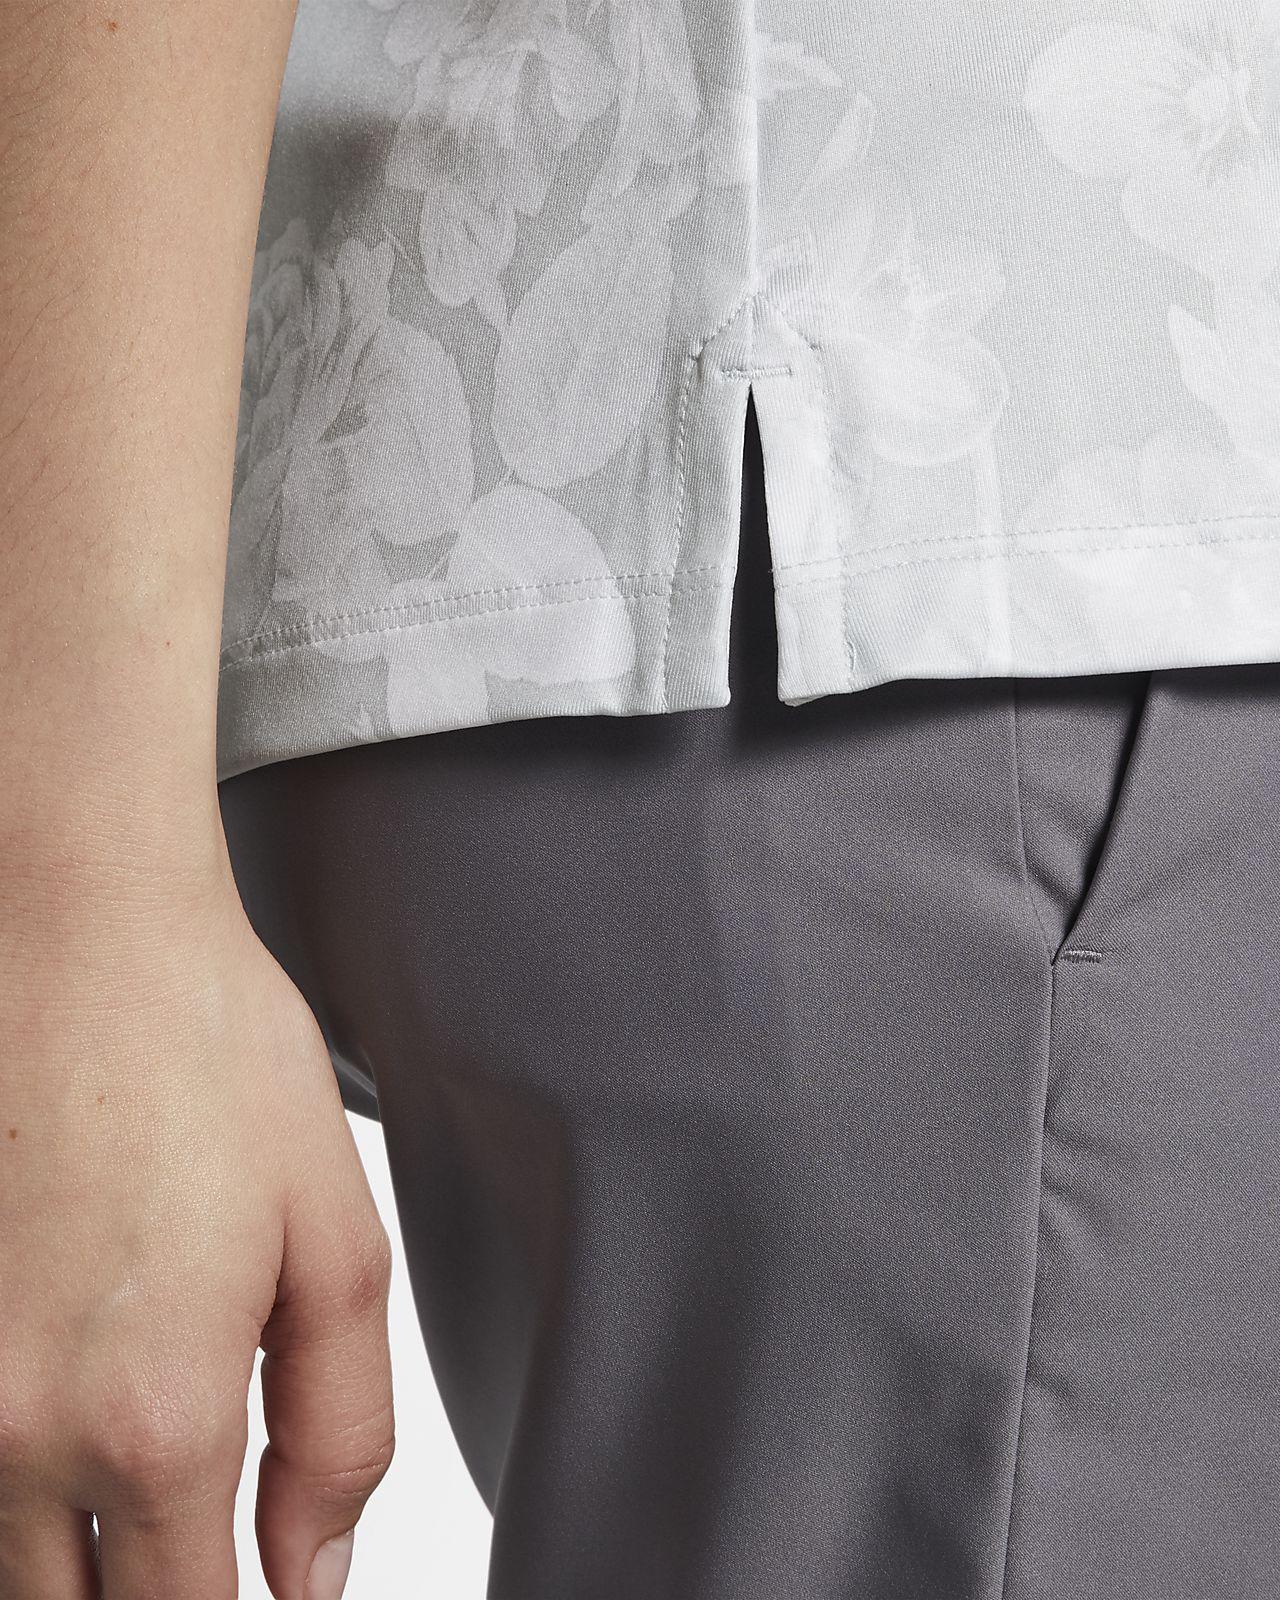 a93655e1e615 Γυναικεία εμπριμέ μπλούζα πόλο για γκολφ Nike Dri-FIT UV. Nike.com GR
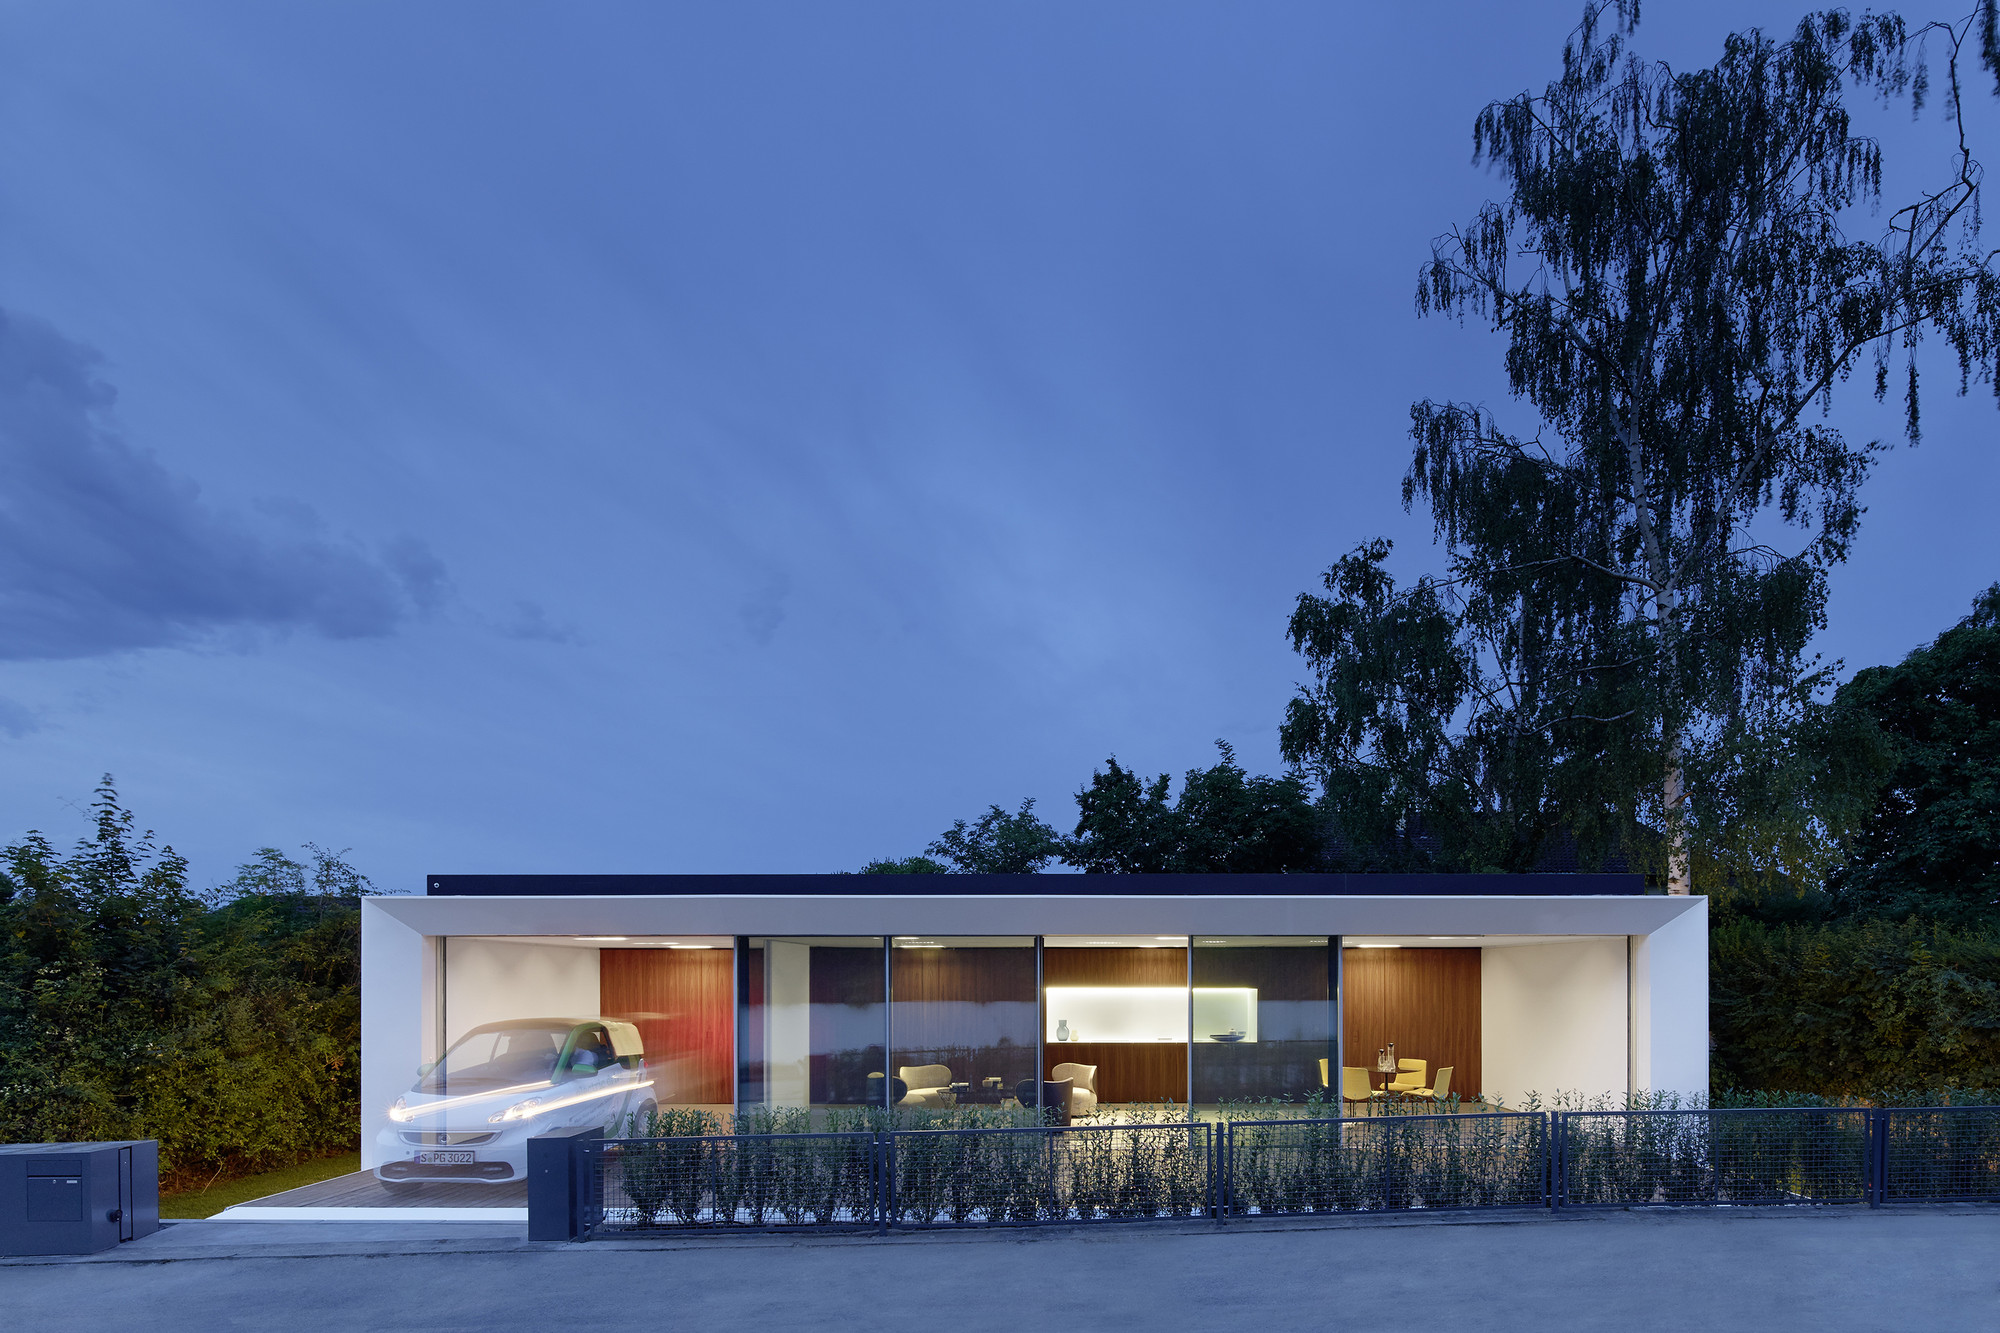 House B10 / Werner Sobek Group, © Zooey Braun
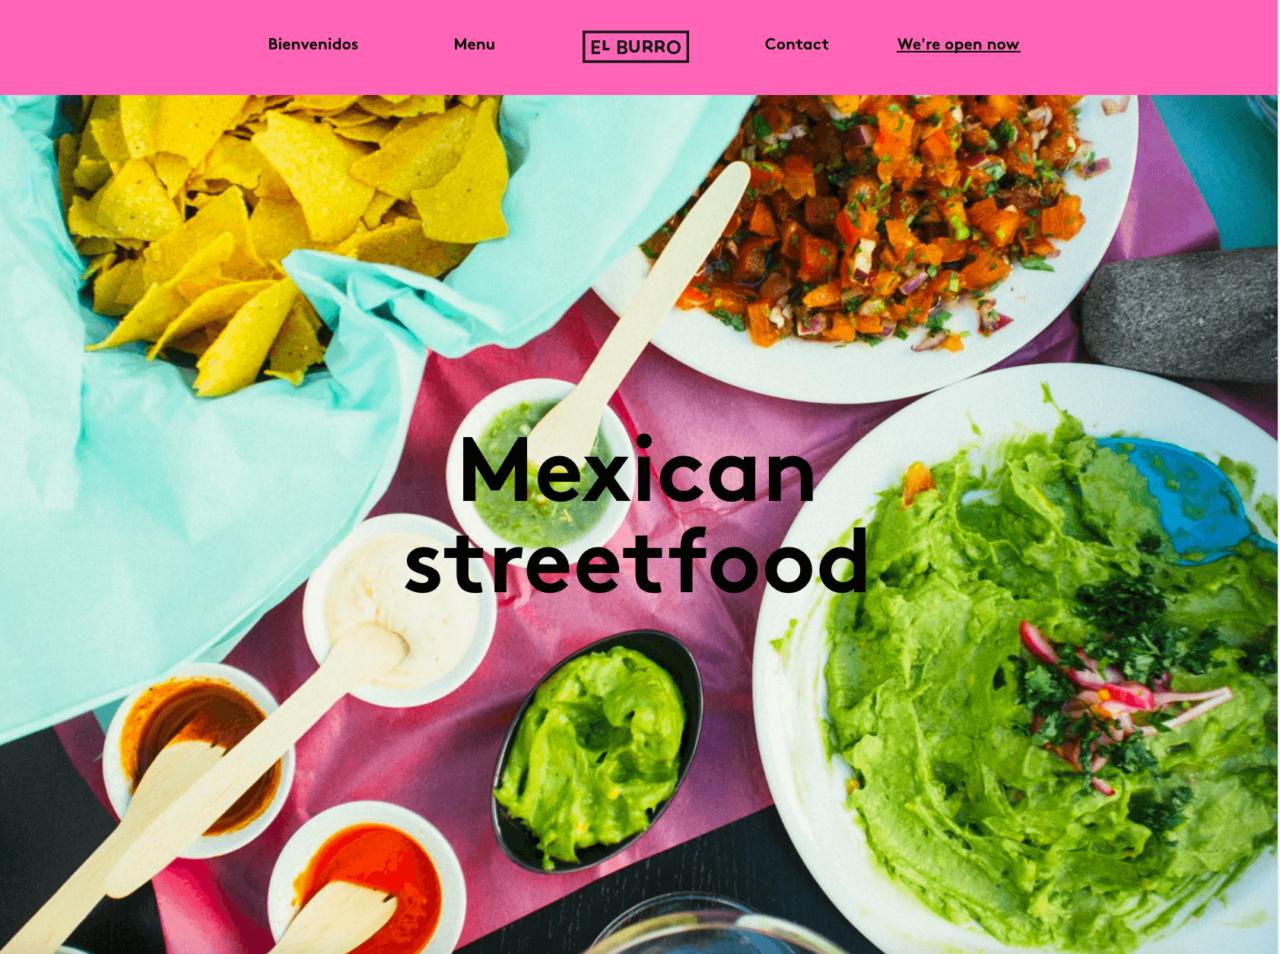 Design Website El burro Menu Restaurant geöffnet

#### WORK ITEM
Reproduce the preceding material exactly, skipping pictures.

#### PROBLEM SOLUTION
 a93655e1e615 Γυναικεία εμπριμέ μπλούζα πόλο για γκολφ Nike Dri-FIT UV. Nike.com GR
 House B10 / Werner Sobek Group, © Zooey Braun
 Design Website El burro Menu Restaurant geöffnet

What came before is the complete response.